**PROBLEM TO WORK ON:** Transcribe everything in the listing as written, and let no image into the copy.
BEGIN DATA EXTRACT
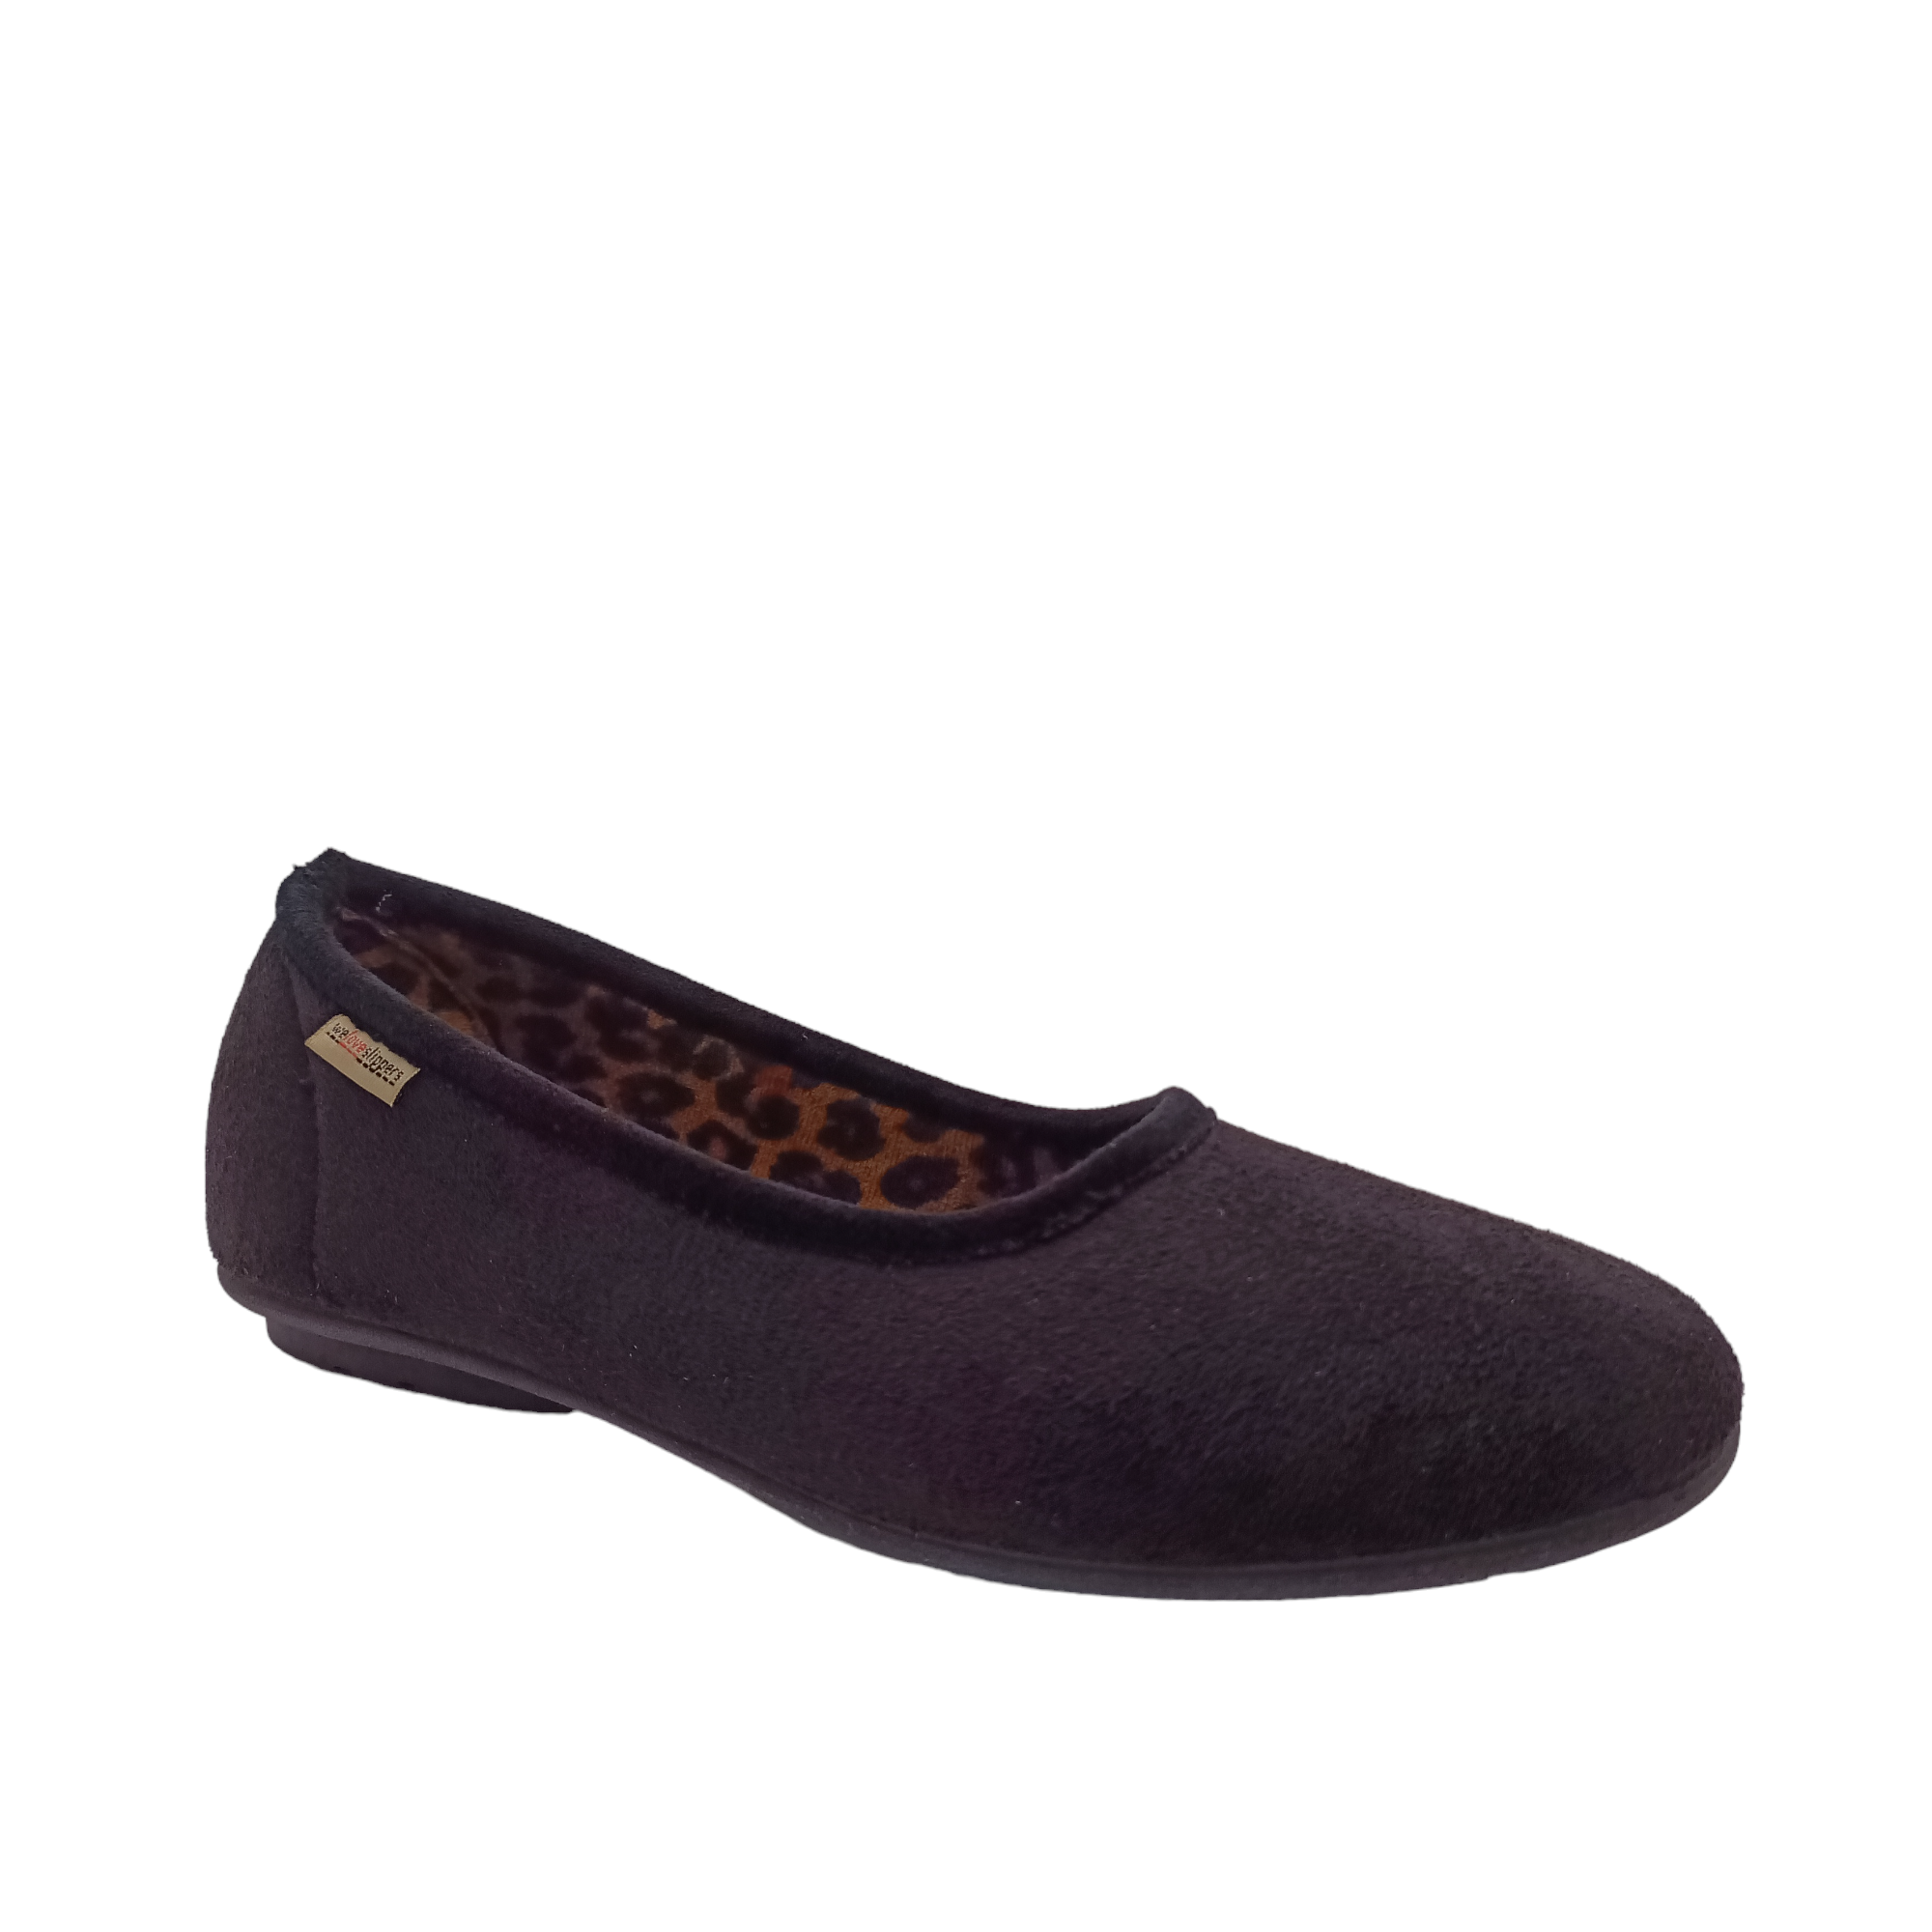 Side angle view of black Nuzzle Slippers with leopard print lining. Shop Womens Slippers and Shoes Online and In-store with shoe&amp;me.
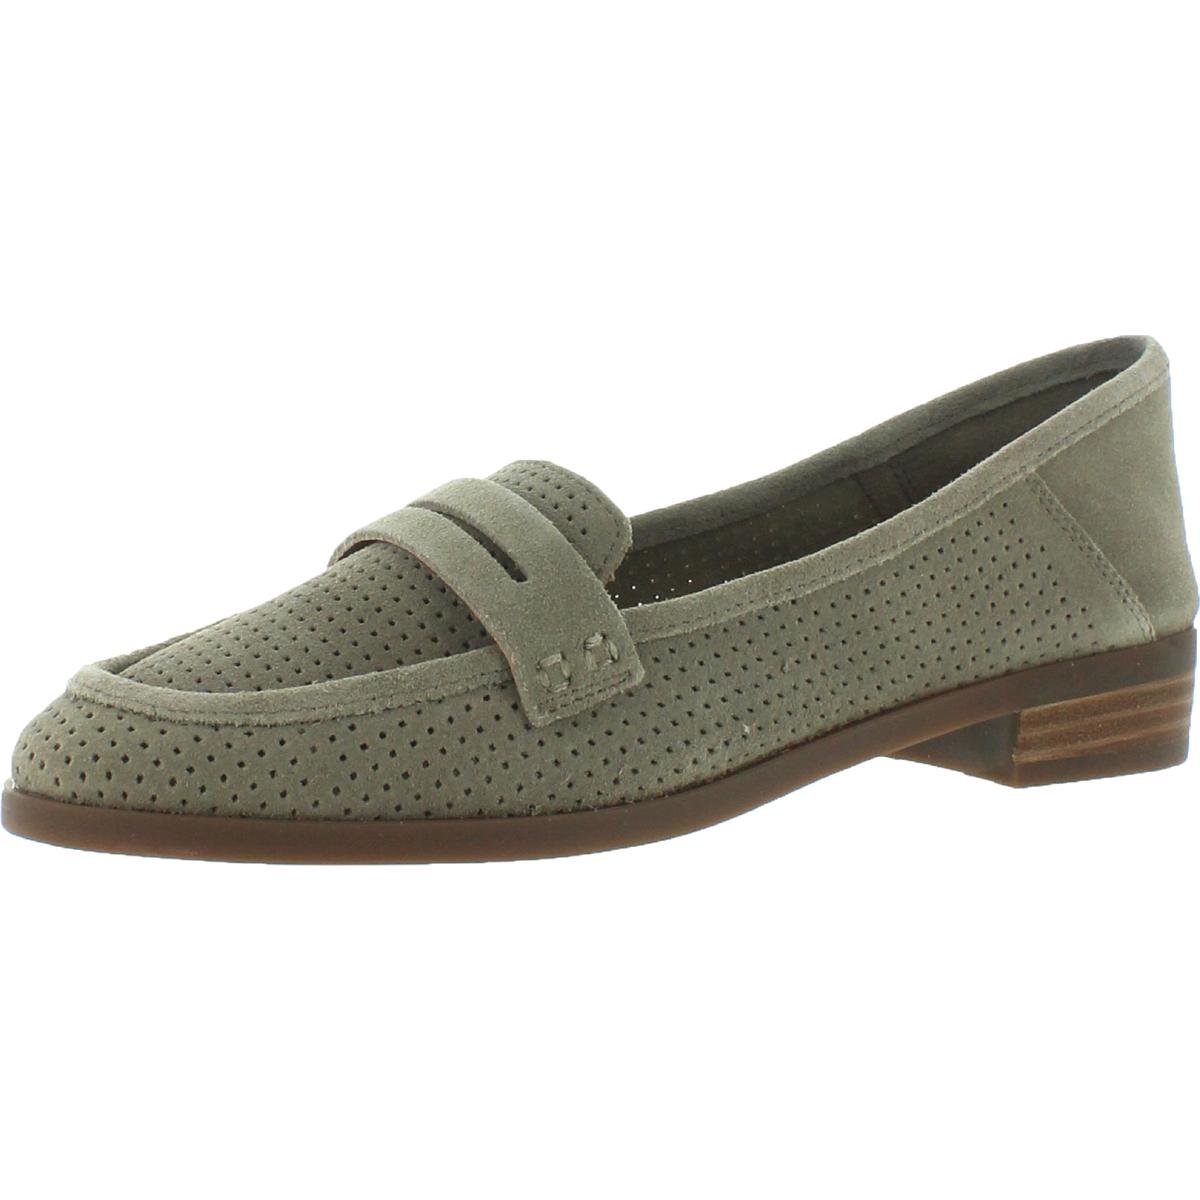 Lucky Brand Womens Caylonp Suede Perforated Slip On Loafers Shoes BHFO ...
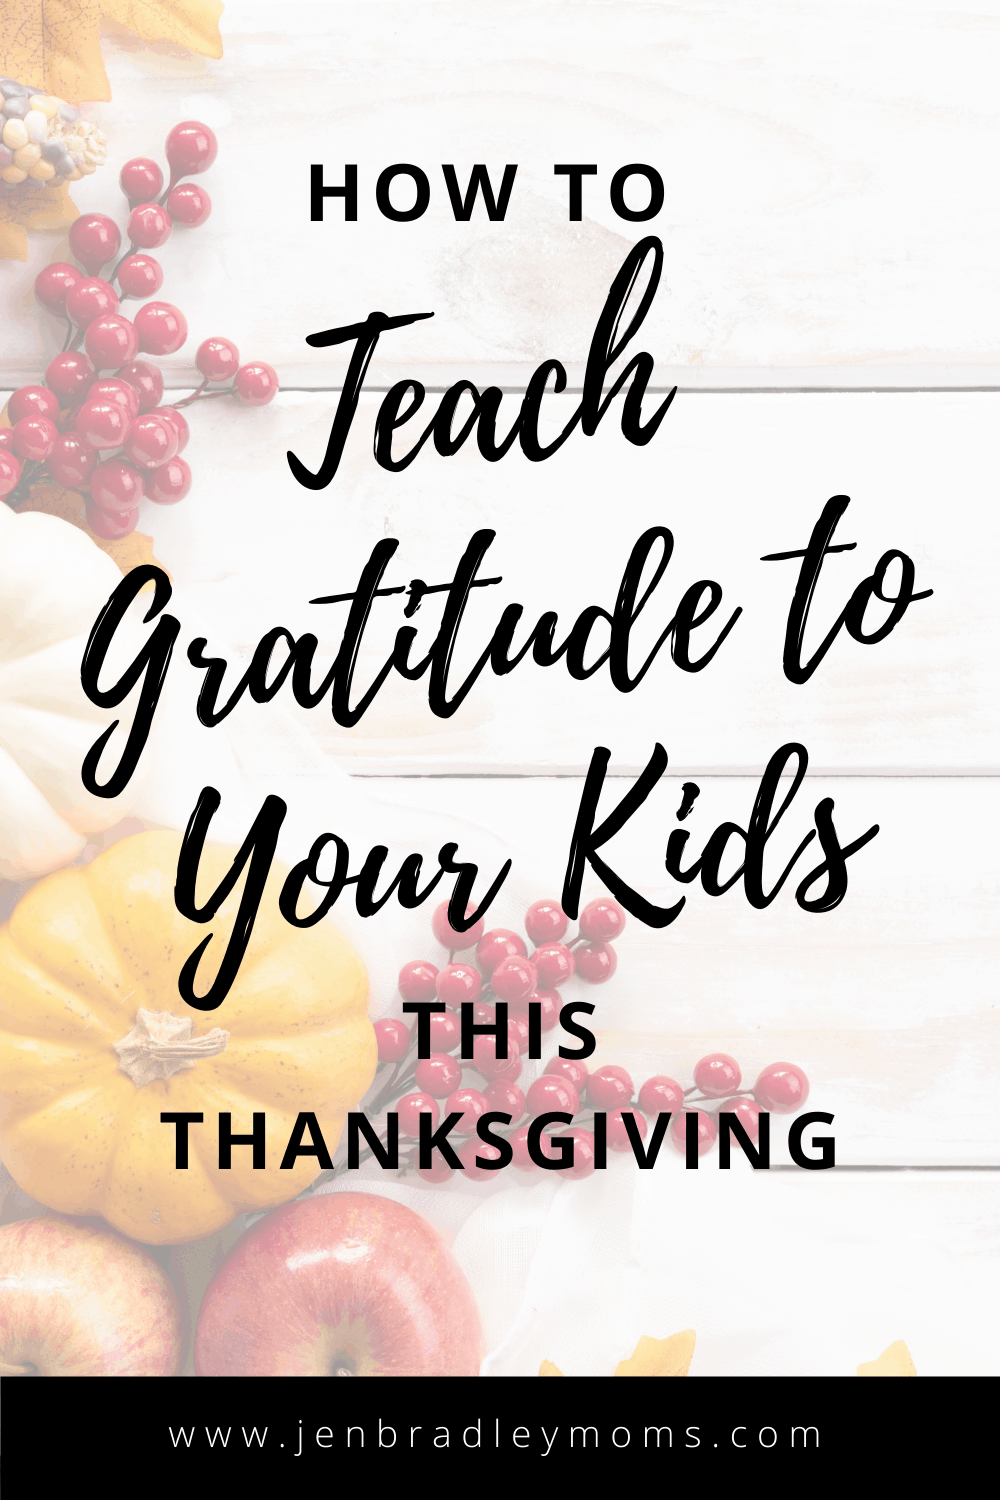 How to Teach Gratitude to Your Kids
END DATA EXTRACT
**REPLY TO THE TASK:**
 Side angle view of black Nuzzle Slippers with leopard print lining. Shop Womens Slippers and Shoes Online and In-store with shoe&amp;me.
 Lucky Brand Womens Caylonp Suede Perforated Slip On Loafers Shoes BHFO ...
 How to Teach Gratitude to Your Kids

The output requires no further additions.